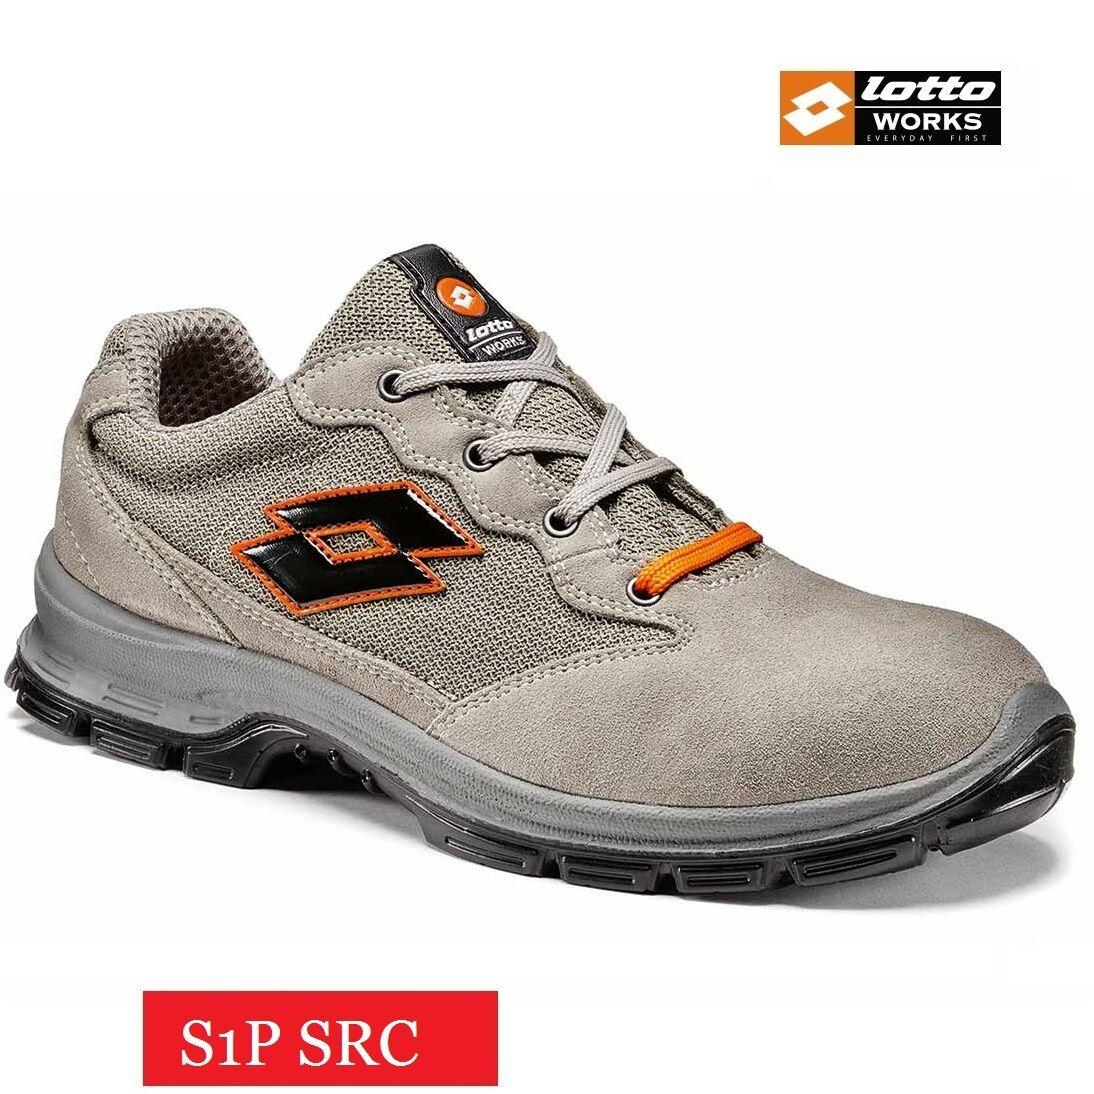 SCARPE ANTINFORTUNISTICHE LOTTO WORKS SPRINT 501 S1P SRC Q8357 PUNTALE ACCIAIO-
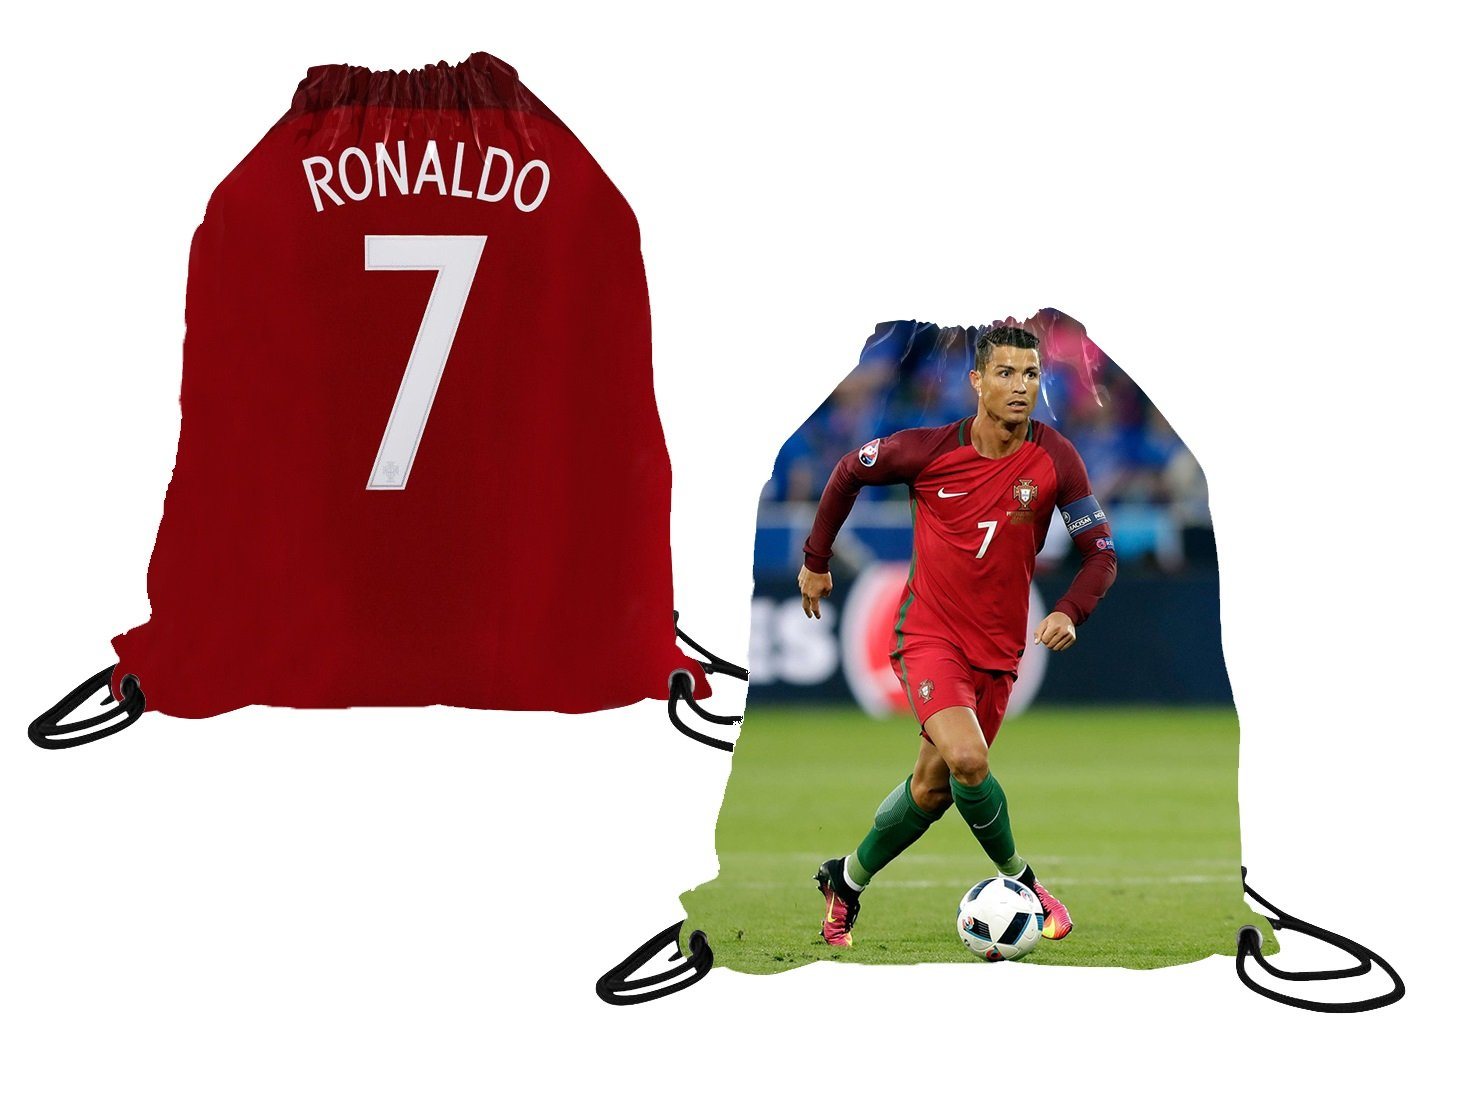 Ronaldo Jersey Style T-shirt Kids Cristiano Ronaldo Jersey Portugal T-shirt Gift Set Youth Sizes ✓ Premium Quality ✓ Soccer Backpack Gift Packaging Fanatics Life
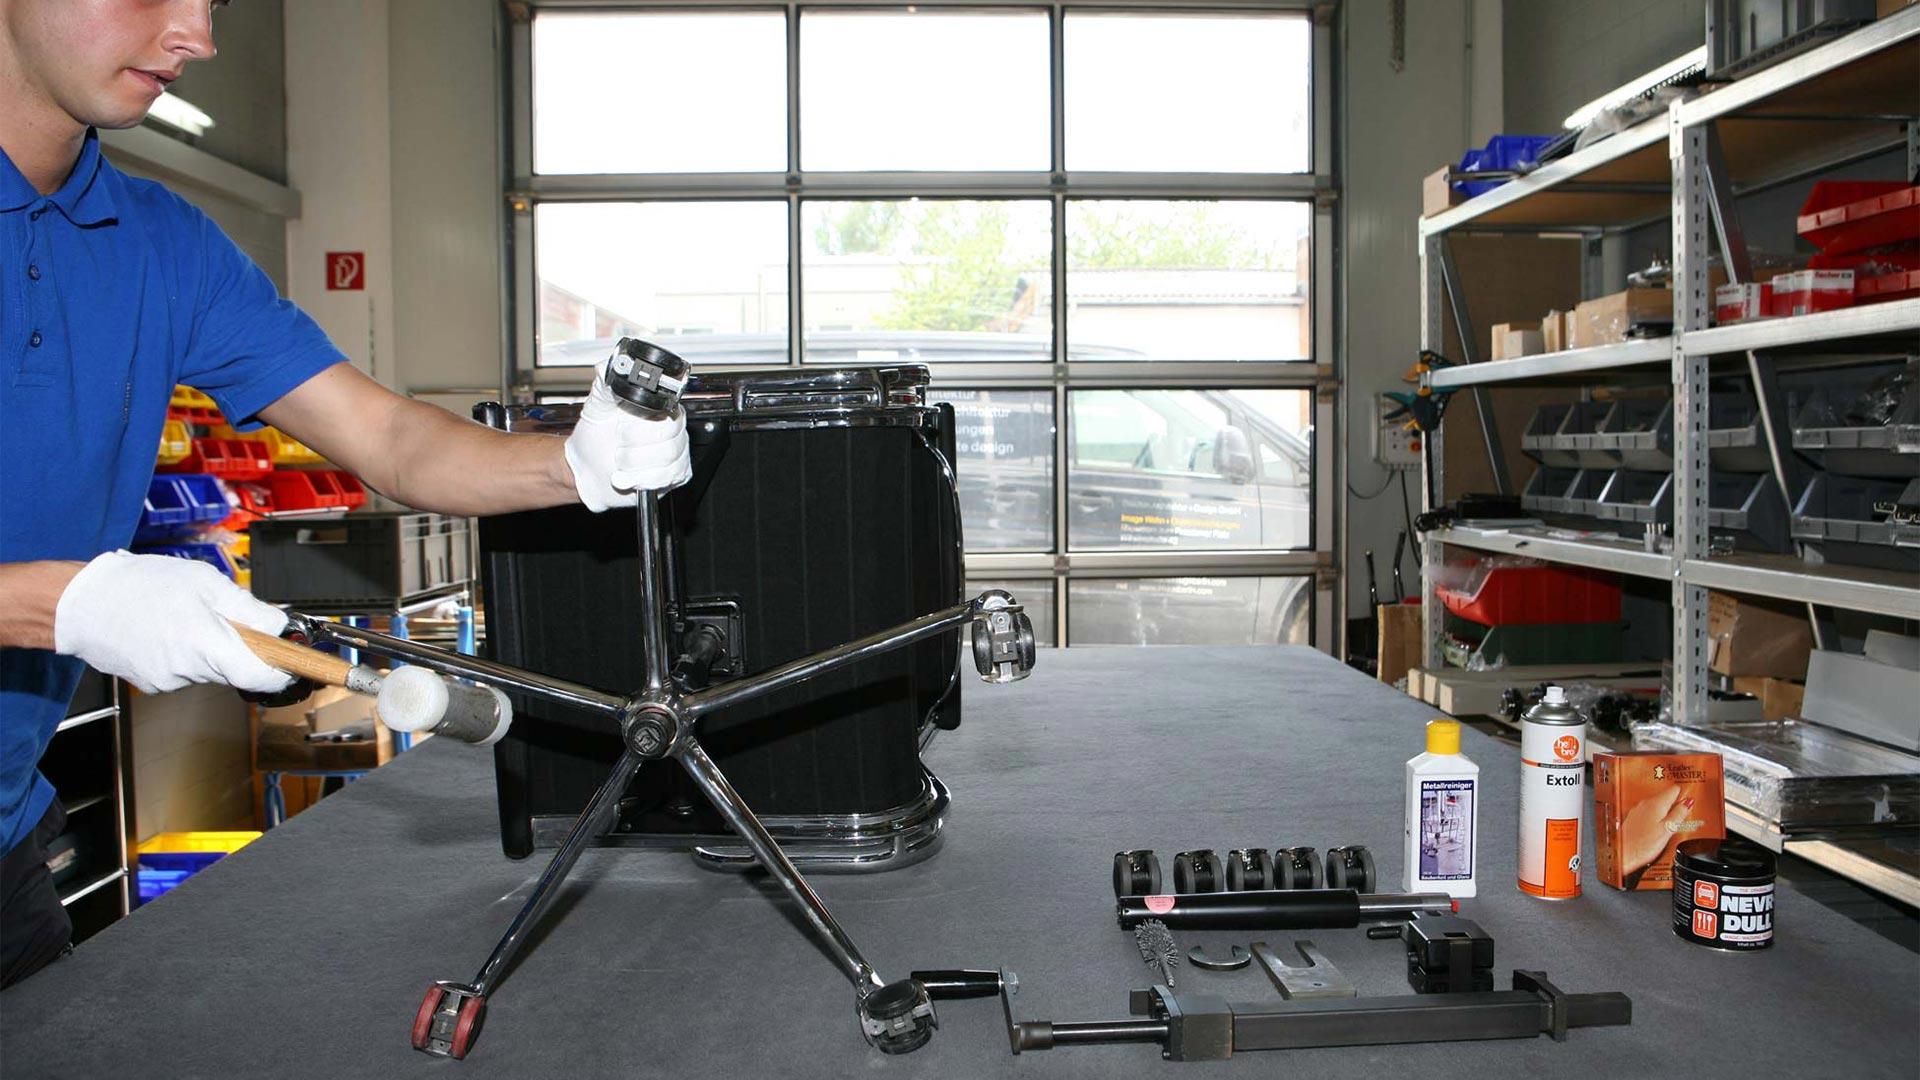 Vitra Ersatzteilservice + Reparatur Eames alu Chair in Berlin bei steidten+02
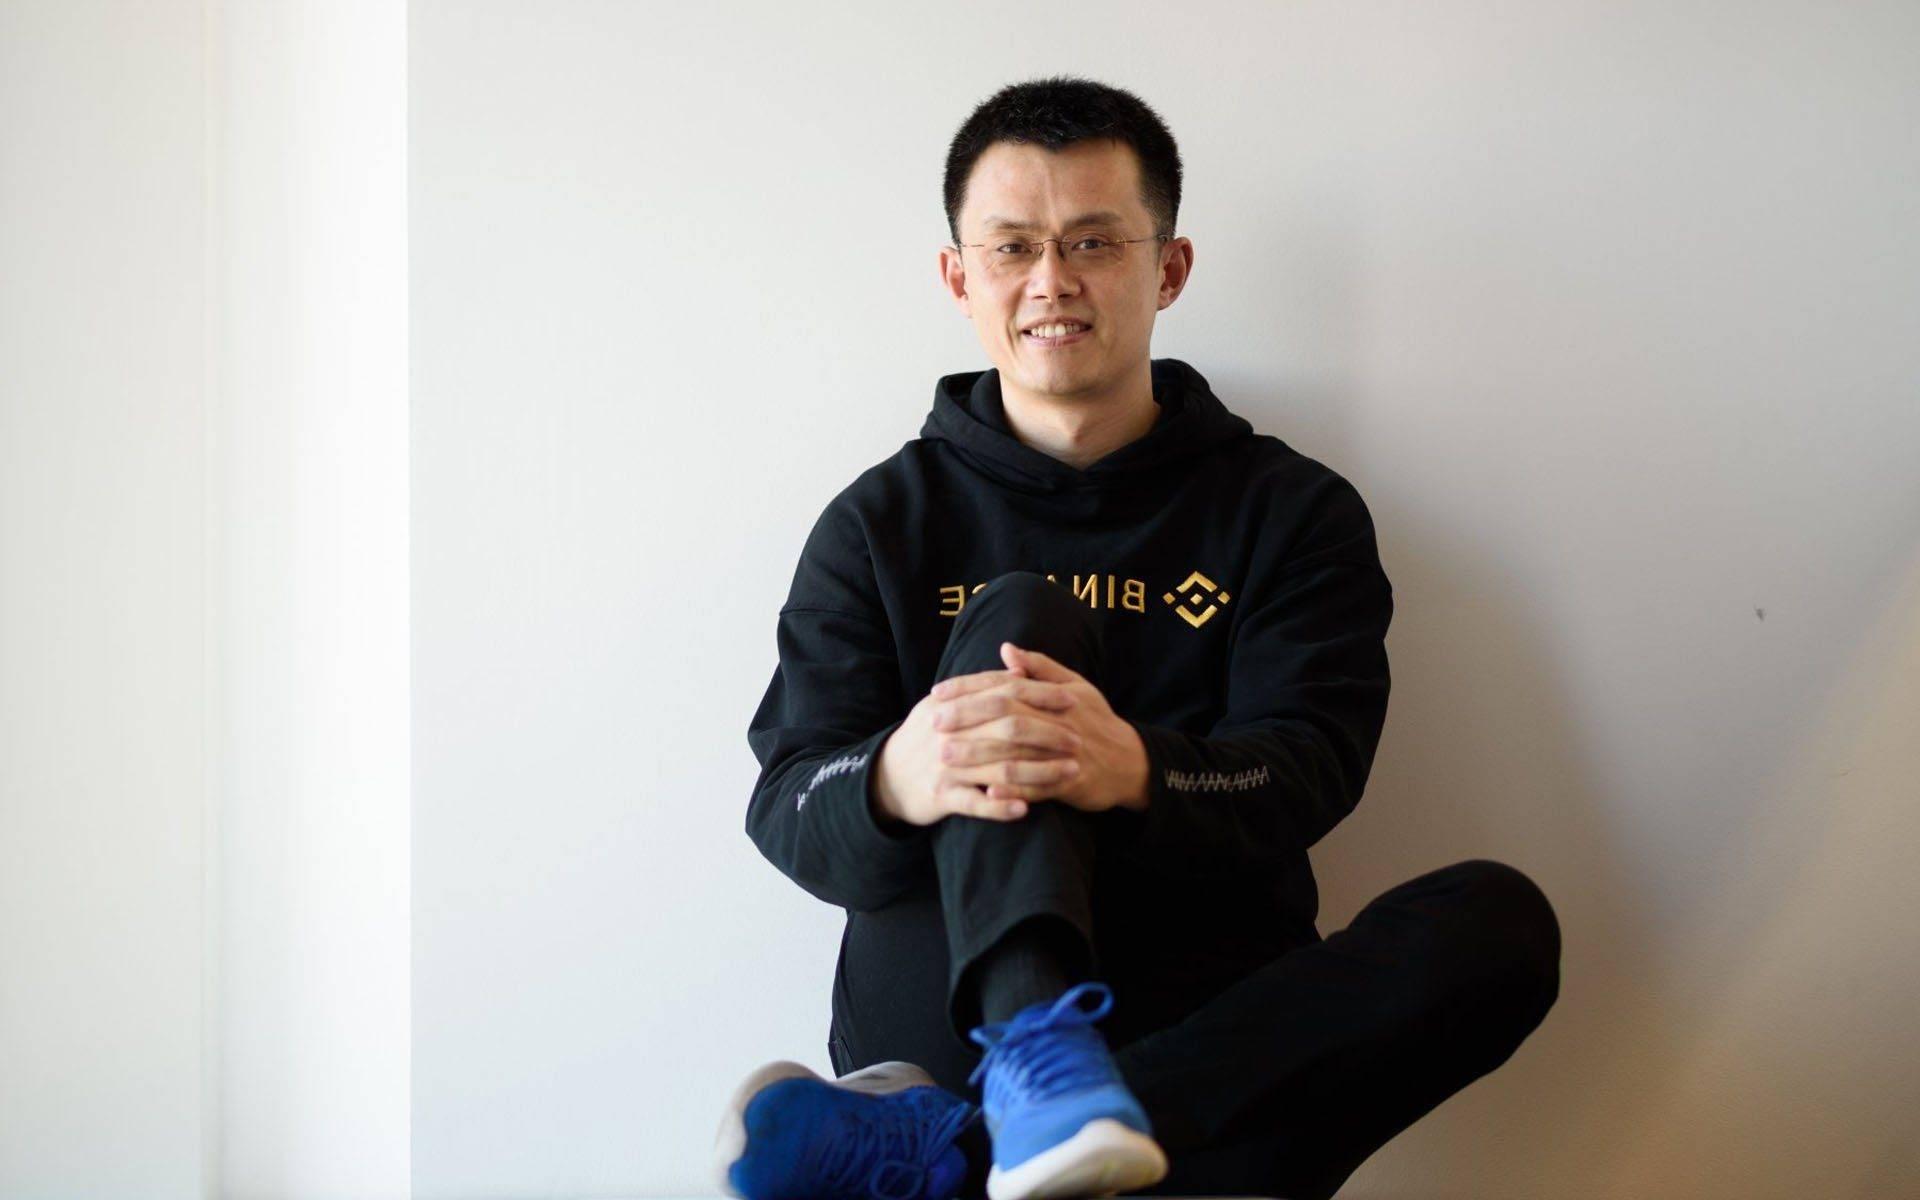 Changpeng Zhao (CZ) désire augmenter le volume de crypto-transactions de Binance
________________
**THE PROBLEM**
Reprint all the data above verbatim, excluding pictures.

**RESPONSE FOR THIS EXERCISE**
 SCARPE ANTINFORTUNISTICHE LOTTO WORKS SPRINT 501 S1P SRC Q8357 PUNTALE ACCIAIO-
 Ronaldo Jersey Style T-shirt Kids Cristiano Ronaldo Jersey Portugal T-shirt Gift Set Youth Sizes ✓ Premium Quality ✓ Soccer Backpack Gift Packaging Fanatics Life
 Vitra Ersatzteilservice + Reparatur Eames alu Chair in Berlin bei steidten+02
 Changpeng Zhao (CZ) désire augmenter le volume de crypto-transactions de Binance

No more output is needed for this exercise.